Binary Classification Machine Learning Low Accuracy On Certain Datasets

I’m currently working on trying to get a program that takes in txt file with 300,000 lines, each of which has an input of 12 decimal numbers and a singular value 0 or 1 at the end, to hopefully be able to guess a different set’s value of either 0 or 1 based off 12 decimal numbers in front of it, but first I’d like the program to take a subsection of the train set and use it as a validation set so I could get a rough idea on what the accuracy is, which I’ve completed below in Pytorch.

I’ve been following a set of very useful tutorials online: (https://www.youtube.com/watch?v=OGpQxIkR4ao&ab_channel=PythonEngineer) and (https://www.youtube.com/watch?v=PXOzkkB5eH0&ab_channel=PythonEngineer)

for which while using the sample online set seemed to work perfectly providing an accuracy of 0.9+ but when I tried to use a local dataset on the program its accuracy seems to stay at roughly 0.5 which isn’t much better than random guessing (I go into further detail on this below the main code and main output). Changing properties like the epochs and learning rate does seem to have a minor effect on the accuracy so I’m assuming it’s not just guessing either completely 0’s or 1’s but the accuracy won’t change much more than 4% even with a large number of epochs and a very low learning rate.

So if anyone has any advice on what I could be doing wrong with this program it’d be greatly appricated, I think it’s a small mistake that I just can’t see as a similar version of the code was used on a seperate online data set (with a different data structure) and it did really well.

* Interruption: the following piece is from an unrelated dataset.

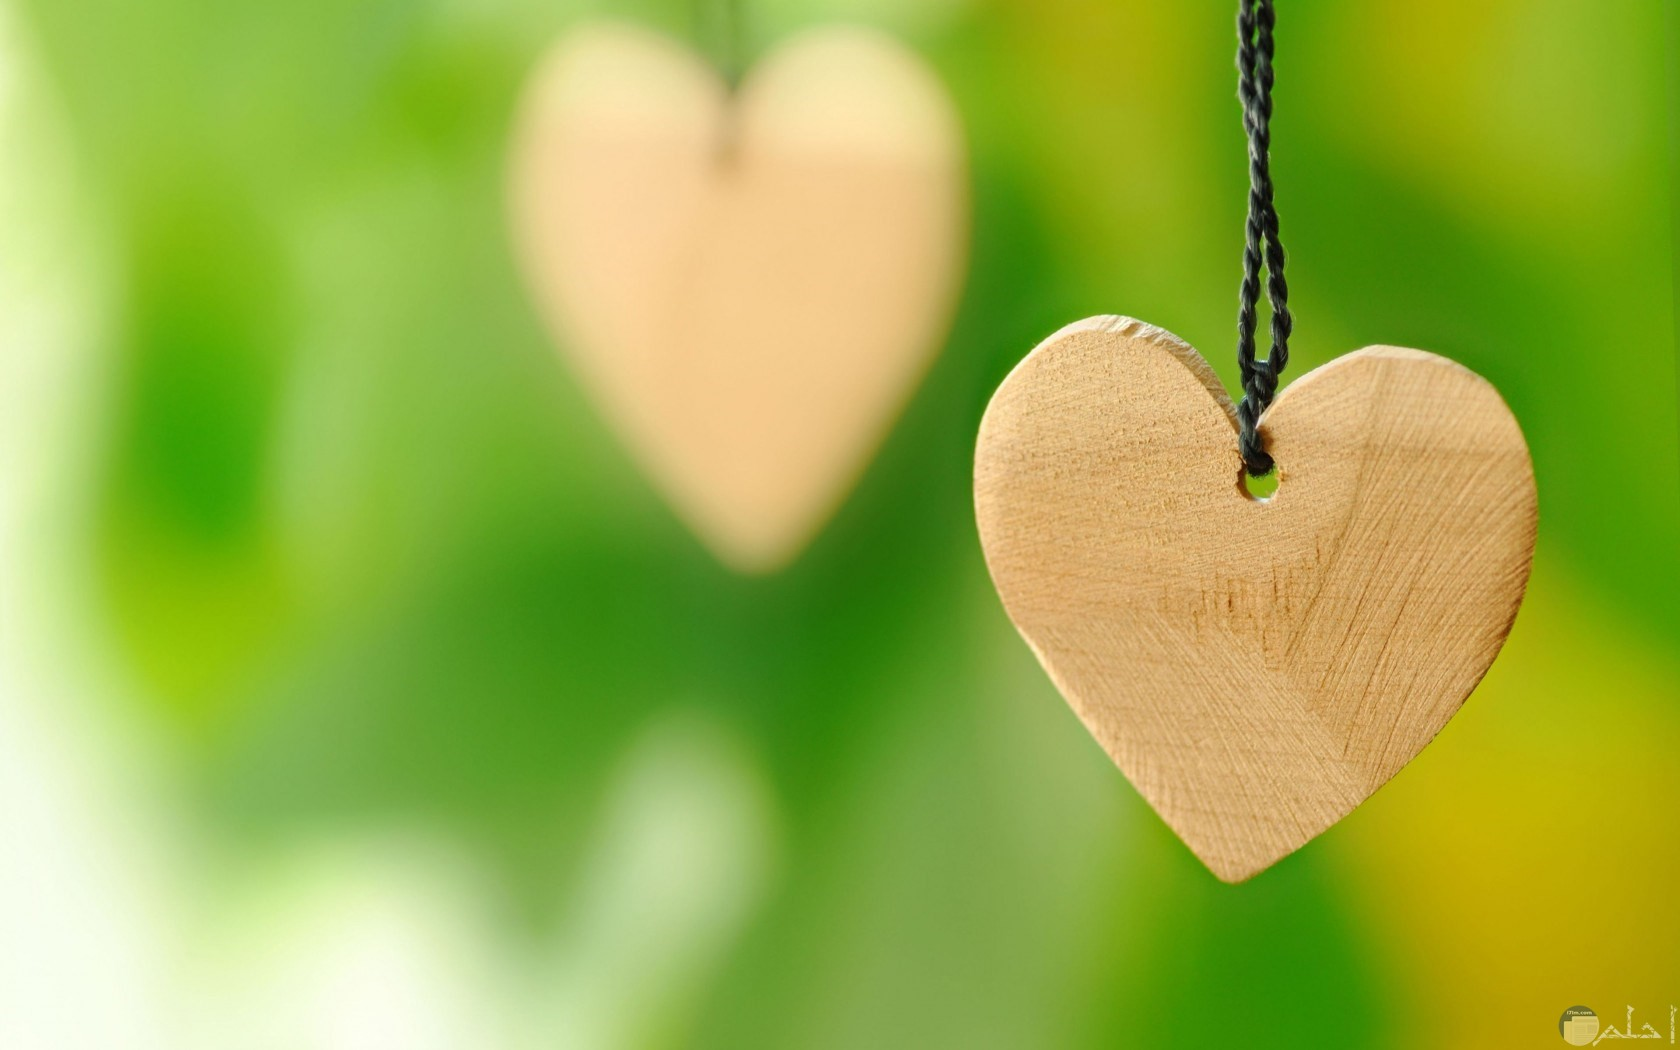 قلب مرسوم بالخشب معلق

Here is the code, output and a sample set of inputs attached:

Python Code:

#Setup
import torch
import torch.nn as nn
import torchvision
import numpy as np
import math

from sklearn import datasets
from torch.utils.data import Dataset, DataLoader
from sklearn.preprocessing import StandardScaler
from sklearn.model_selection import train_test_split

class BoneDataset(Dataset):
    def __init__(self):
        xy = np.loadtxt('train-io.txt', delimiter=" ", dtype=np.float32, skiprows=0)
        self.x = torch.from_numpy(xy[:, 0:12])
        self.y = torch.from_numpy(xy[:, 12])
        self.y = self.y.int()
        self.xyn_samples, self.xyn_features = xy.shape
        self.n_samples, self.n_features = self.x.shape
        
    def __getitem__(self,index):
        return self.x[index], self.y[index]
    
    def __len__(self):
        return self.n_samples

dataset = BoneDataset()

xt = dataset.x
yt = dataset.y
x = np.array(xt)
y = np.array(yt)
n_samples = dataset.n_samples
n_features = dataset.n_features

#bc = datasets.load_breast_cancer()
#x = bc.data
#y = bc.target
#n_samples, n_features = x.shape

print(x)
print(y)
print(x.shape)
print(y.shape)
print(type(x))
print(type(y))
print(n_samples, n_features)

x_train, x_test, y_train, y_test = train_test_split(x, y, test_size=0.2, random_state=1234)

scale = StandardScaler()
x_train = scale.fit_transform(x_train)
x_test = scale.transform(x_test)

x_train = torch.from_numpy(x_train.astype(np.float32))
x_test = torch.from_numpy(x_test.astype(np.float32))
y_train = torch.from_numpy(y_train.astype(np.float32))
y_test = torch.from_numpy(y_test.astype(np.float32))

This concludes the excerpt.